First-time buyer searches came to 17.6 million, up 5.02% on the prior year, and self-employed mortgage searches rose 7.47% compared to 2023. This was a record year and the first year that self-employed mortgage searches reached over one million.

Green mortgage searches also doubled compared to 2023.

Looking at product availability, on an average 2024 day, there were 21,964 product variants available. This is up 34.54% on daily availability.

The high of the year came on 19 December, which had 24,264 products.

Nathan Reilly, director at Twenty7tec, said: “We’ve seen an increased number of total mortgage searches again year-on-year. But the picture is nuanced. The increases overall mask a drop-off in remortgage searches and a large rise in residential purchase searches.

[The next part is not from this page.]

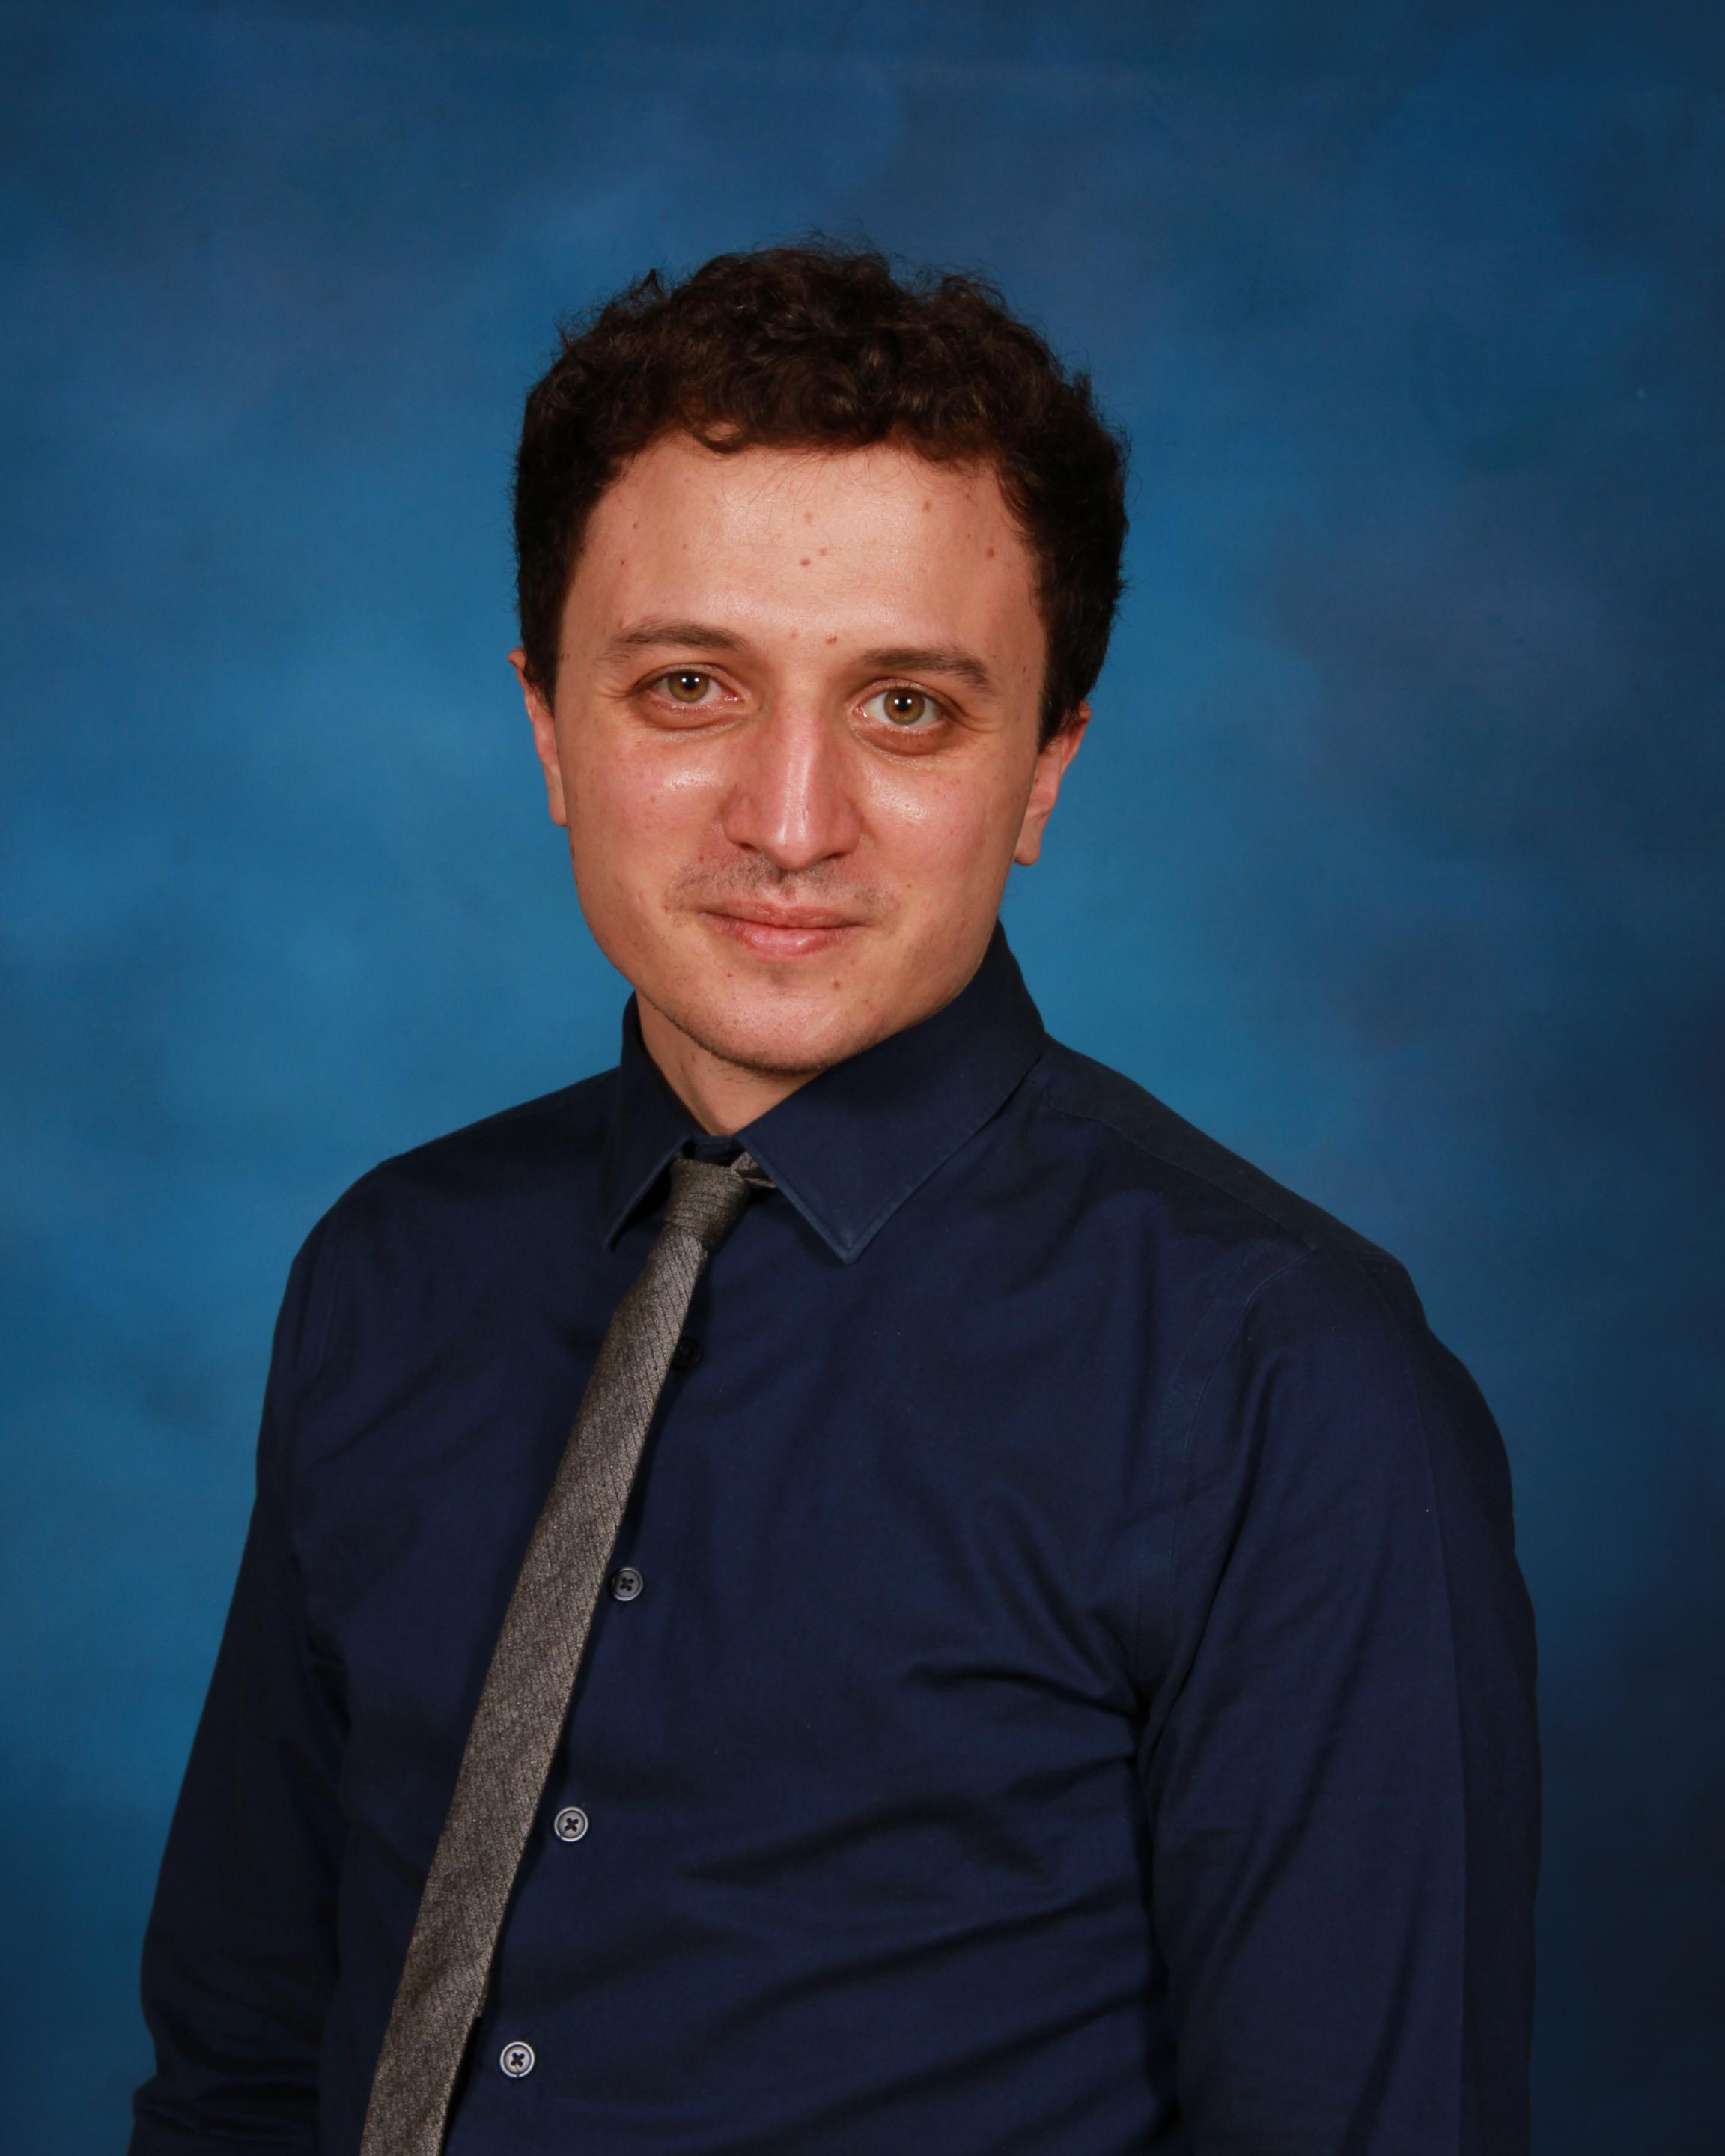 Benjamin Piacquadio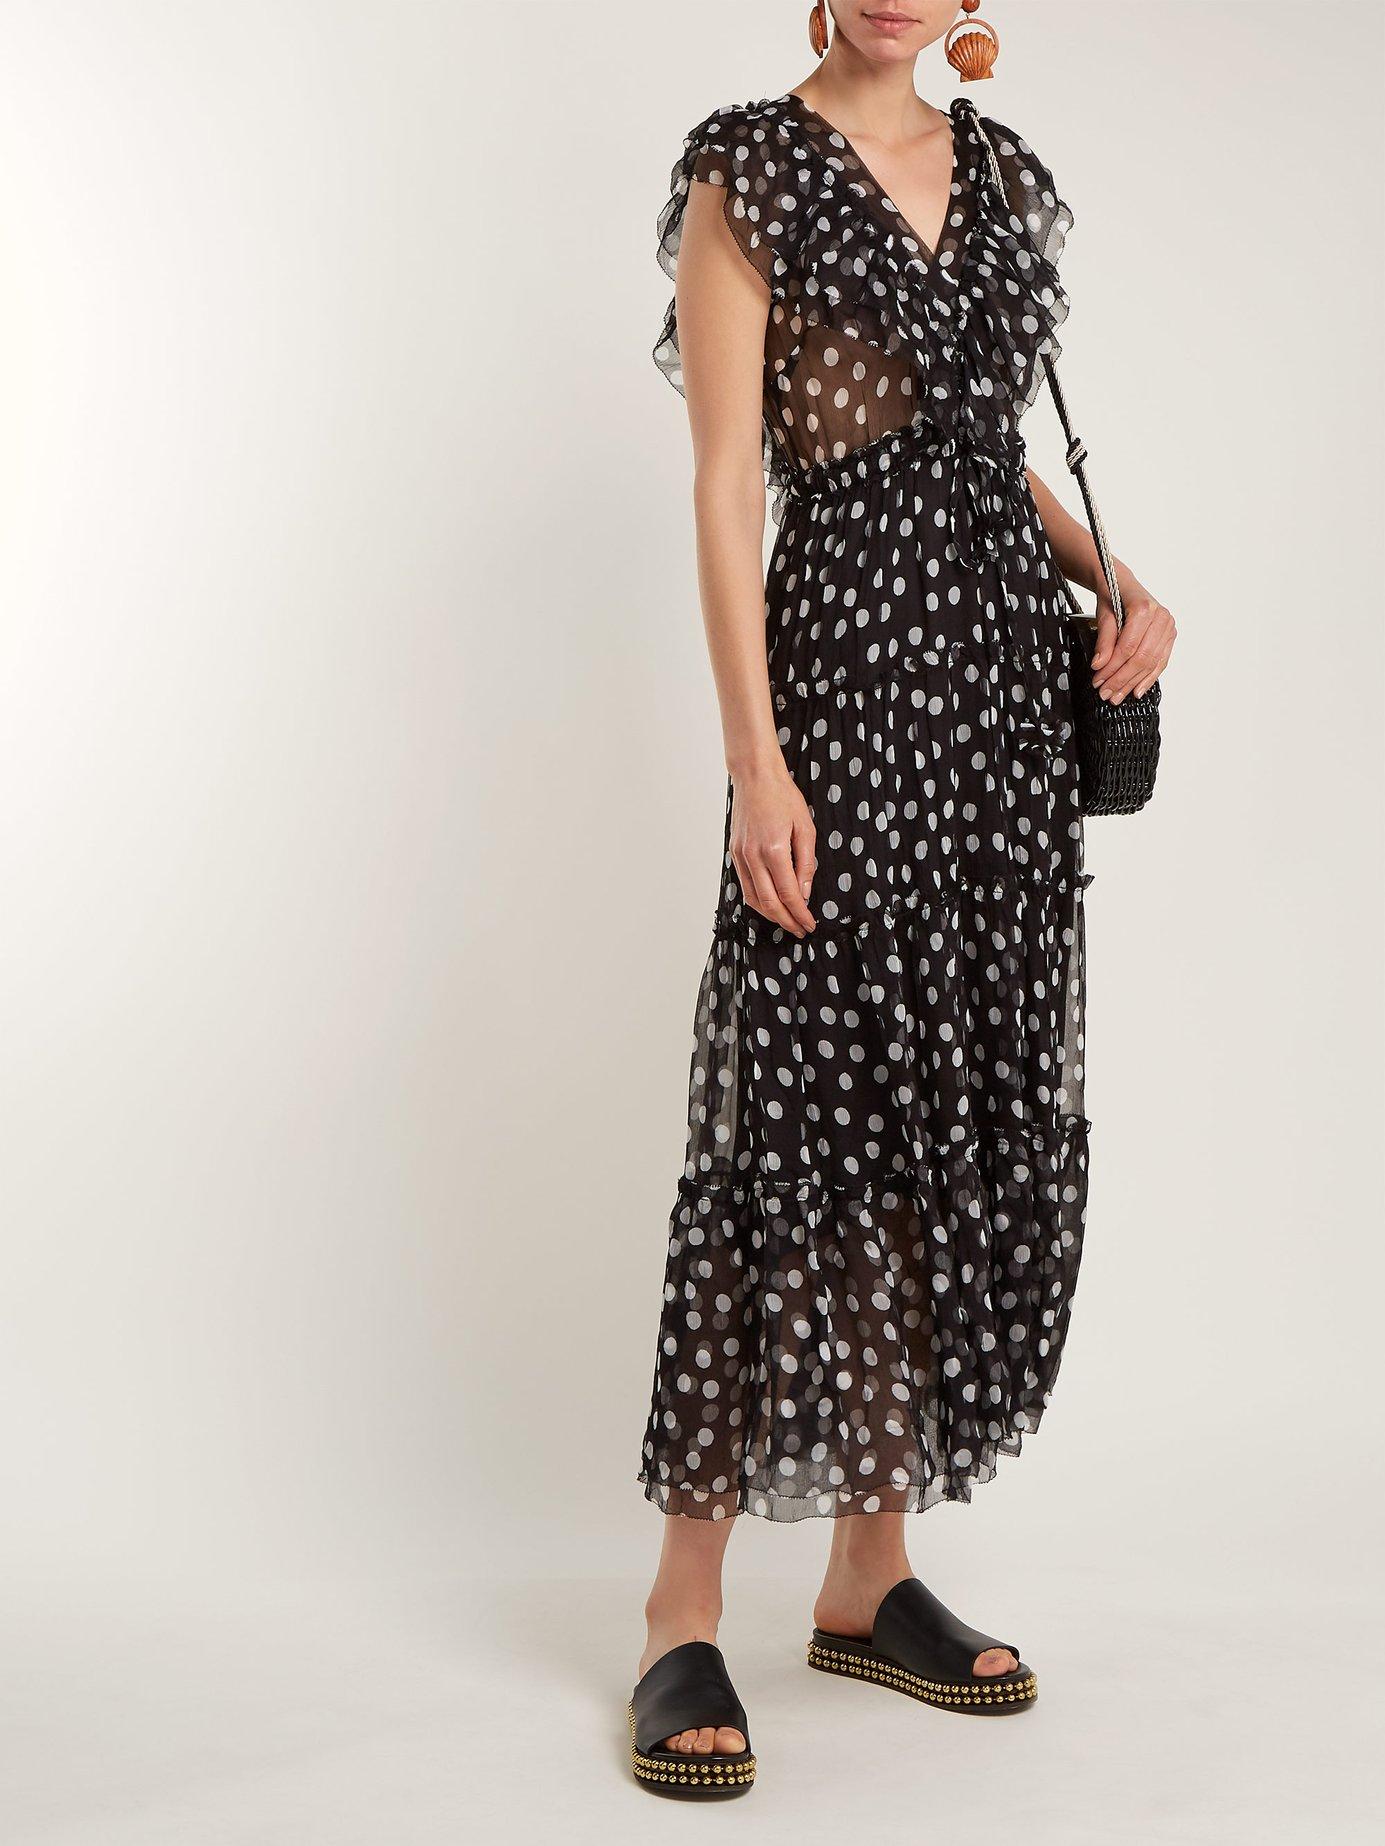 Mansfield polka-dot V-neck silk dress by Lee Mathews

“In 2020, mortgage rates were historically low, driven by central banks slashing interest rates to support economies during the Covid-19 pandemic. Fixed rate mortgages were particularly popular as borrowers sought to lock in these favourable rates amidst economic uncertainty. However, we can see that advisers explored multiple options and scenarios, comparing rates for fixed and variable mortgages as they tried to help their customers to navigate a rapidly changing financial landscape. This contributed to a higher average number of searches per person during that time.”

“Interestingly, whilst 2020 was the hot year for fixed rate mortgages, last year this figure dropped, with one in seven people opting for a different type of product.”